The Drew court also held that “[w]here the insurer breaches this new contract to repair, it becomes liable for the damages proximately caused by this breach.”  Drew v. Mobile USA Ins. Co., 920 So. 2d at 835.  Furthermore, the Drew court affirmed the notion outlined in Travelers Indemnity Co. v. Parkman that, despite no allegations of bad faith, an insured may recover extra-contractual damages outside of the scope of the insurance policy due to the formation of a subsequent repair contract between the parties.  As such, when an option to repair has been invoked but the repairs were not adequately performed, an insured may be entitled to damages caused by the insufficient repairs outside of the scope of the subject policy of insurance. 

It must be noted that, as the repairs in Robinson were effectuated by the insured, the facts are distinguishable from other option to repair fact patterns where allegedly inadequate repairs were performed by the insurer or no repairs were performed by either party and suit was filed.  It is only in the latter circumstance where it seems that abatement may be justifiable in order to allow for the repairs to be effectuated by the insurer.  See generally Angrand v.

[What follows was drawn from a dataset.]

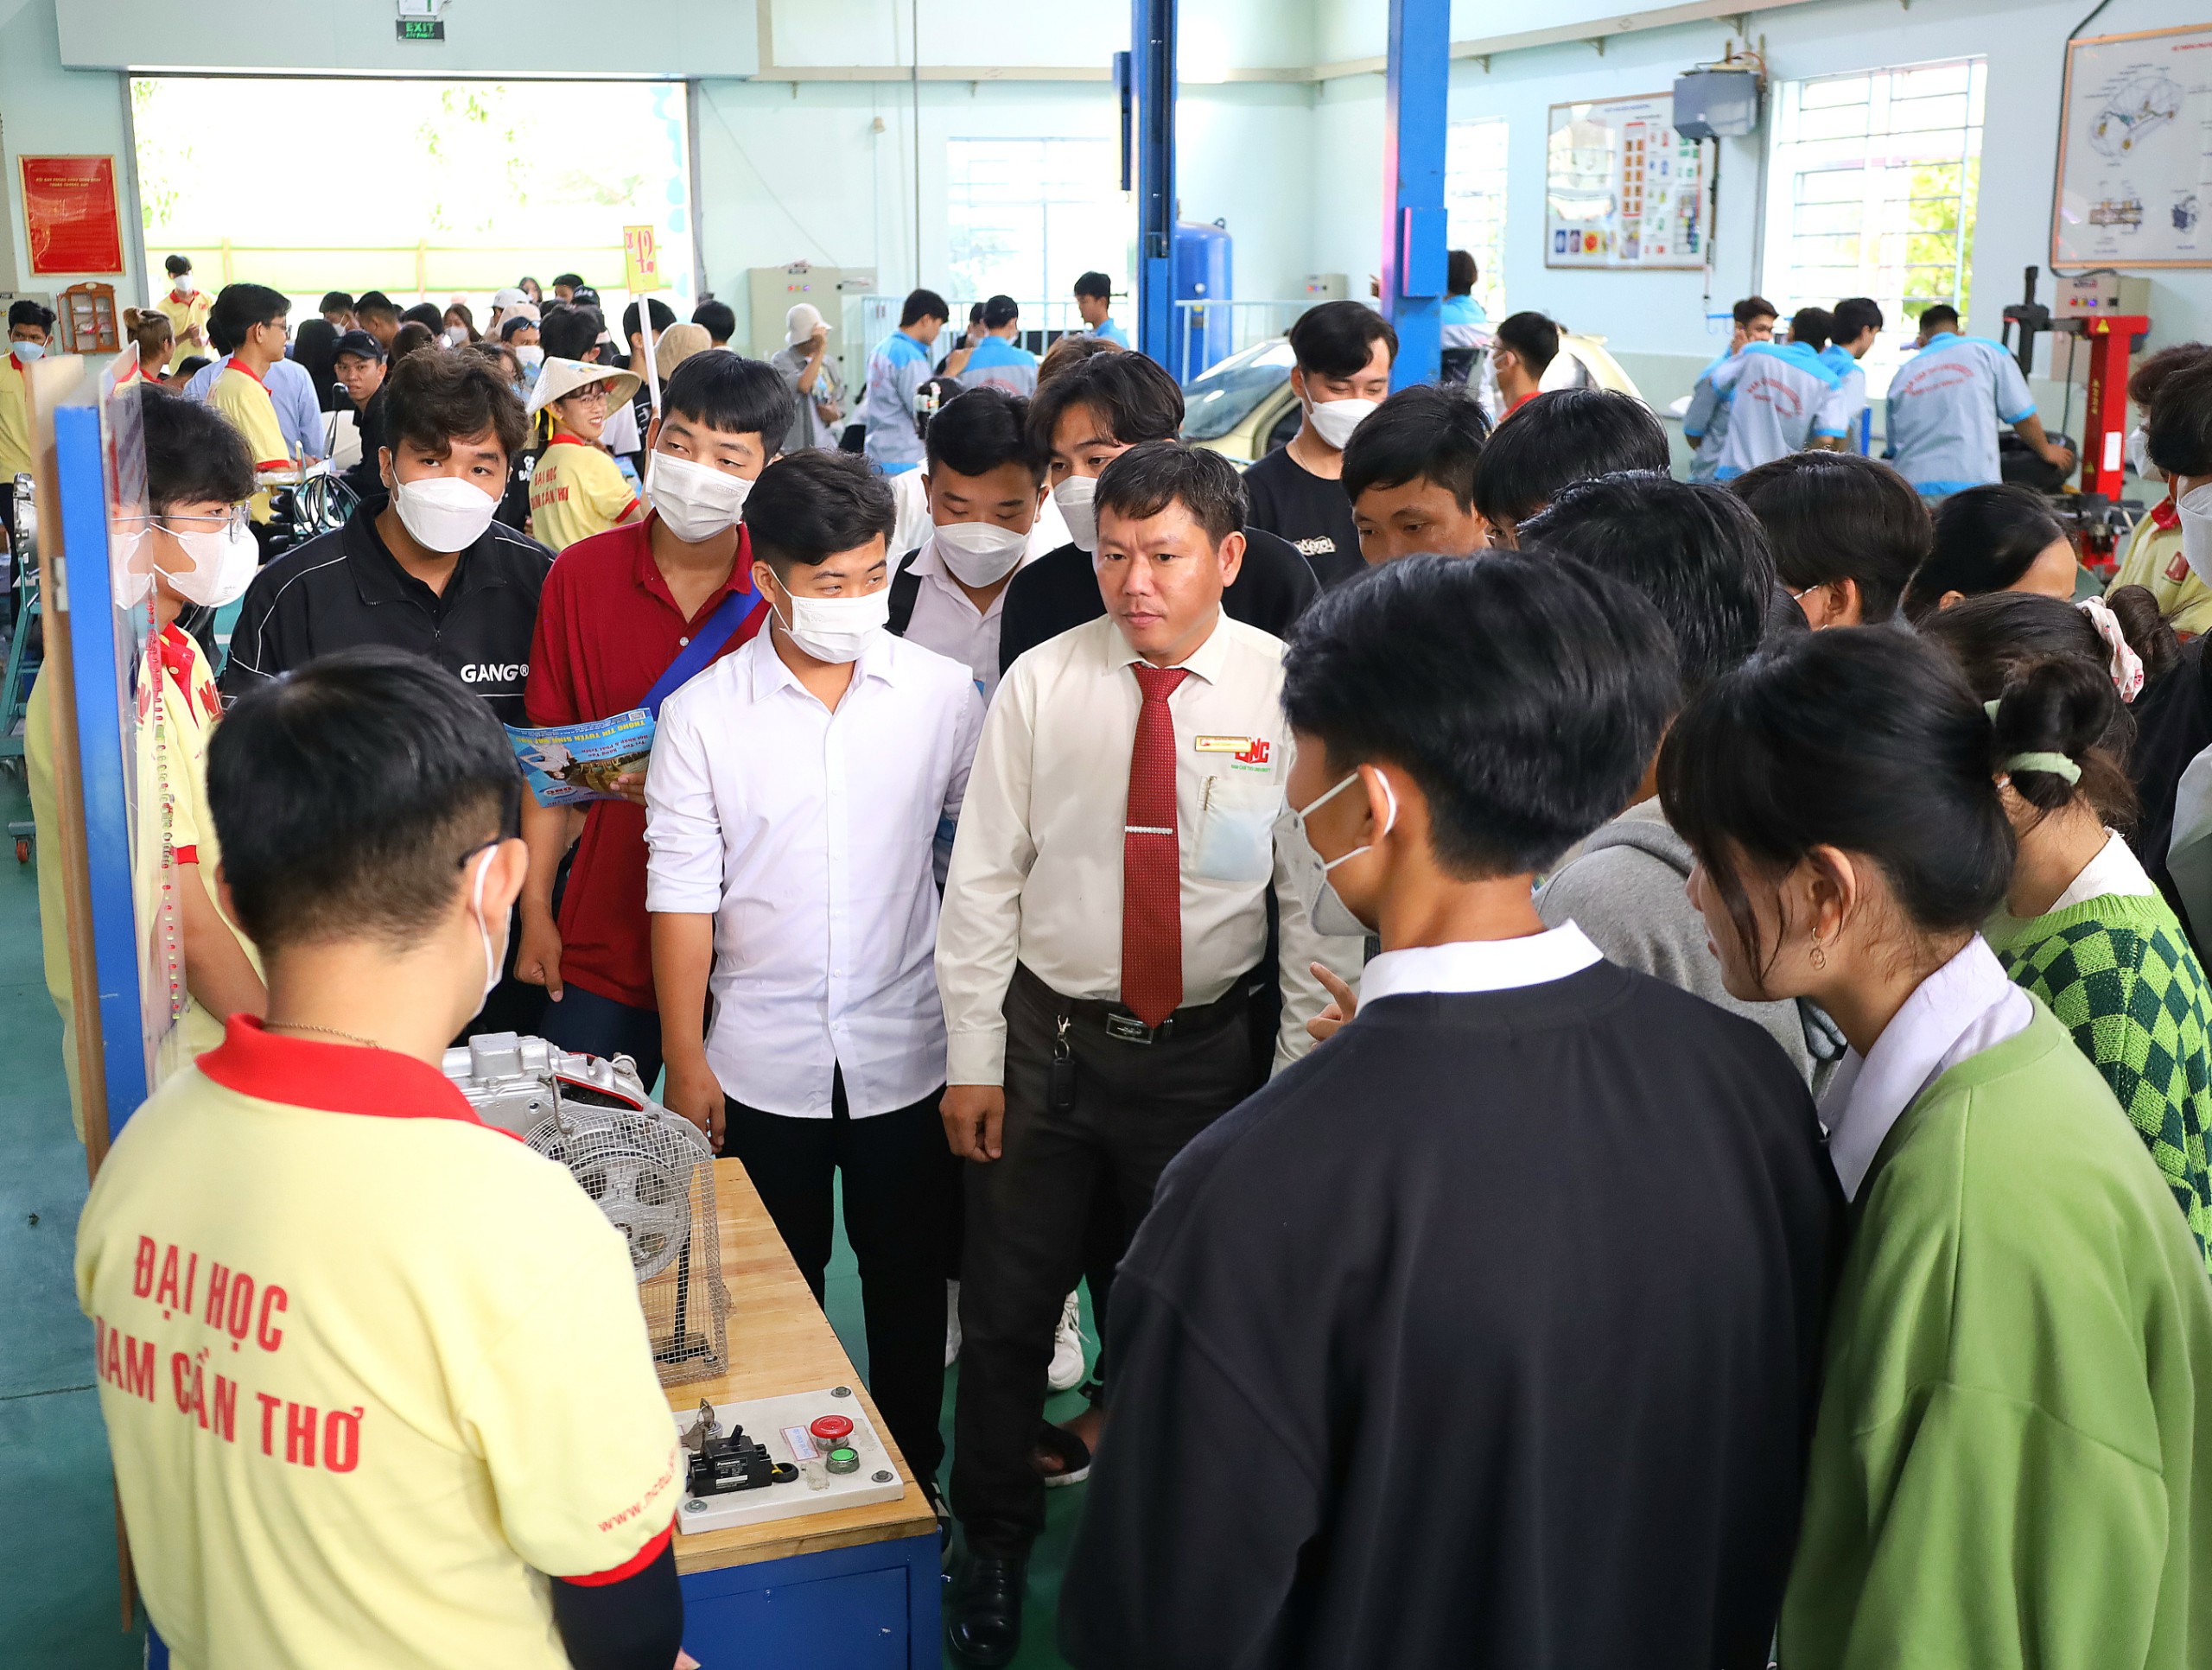 Các em học sinh tham quan xưởng ô tô tại Trường Đại học Nam Cần Thơ.

Fox, 552 So. 2d 1113, (Fla. 3d DCA 1989).

It must be further noted, however, that the Restatement of Contracts states that “[w]here, after a contract is made, a party's principal purpose is substantially frustrated without his fault by the occurrence of an event the non-occurrence of which was a basic assumption on which the contract was made, his remaining duties to render performance are discharged, unless the language or circumstances [of the contract] indicate the contrary.”  Restatement (Second) of Contracts § 265 (1981).  In line with the maxims set forth in the Restatement of Contracts and in the Drew opinion, inasmuch as an insurer may be held to have breached the contract by failing to perform adequate repairs when electing their option to do so, so too does the insured breach their contract when refusing to allow the option to repair to take place. 

Based on the above, any situation where the insured prevents the repairs from being effectuated, the legal analysis employed by the courts should be similar to other post-loss conditions where a two (2) step prejudice analysis is utilized.  See generally LoBello v. State Farm Fla. Ins. Co., 152 So. 3d 595, (Fla. 2d DCA 2014) and Yacht Club on the Intracoastal Condo. Ass'n v. Lexington Ins. Co., 599 F. App'x 875, 879 (11th Cir. 2015).  If the court determines that the option to repair was properly invoked, a subsequent repair contract was formed and, for one reason or another, the insurer was unable to effectuate their repairs, the insurer should be granted a presumption of prejudice that may be rebutted by the insured at the time of trial. 

Of course, while the rebuttal of a presumption of prejudice is an uphill battle for an insured, Florida courts have offered various ways by which an insured can rebut the presumption of prejudice.  It seems that if the insured’s failure to comply with the option to repair would not have materially changed the outcome of the claim, the presumption of prejudice may be rebutted.  See generally Niesz v. Albright, 217 So. 2d 606, 608 (Fla. 4th DCA 1969).  As such, in line with the holding in Drew v. Mobile USA Ins. Co., if the scope of the repairs proposed by the insurer is ultimately found to have been insufficient in some way, it may not matter that the insured failed to comply with the insurer’s request to effectuate said repairs.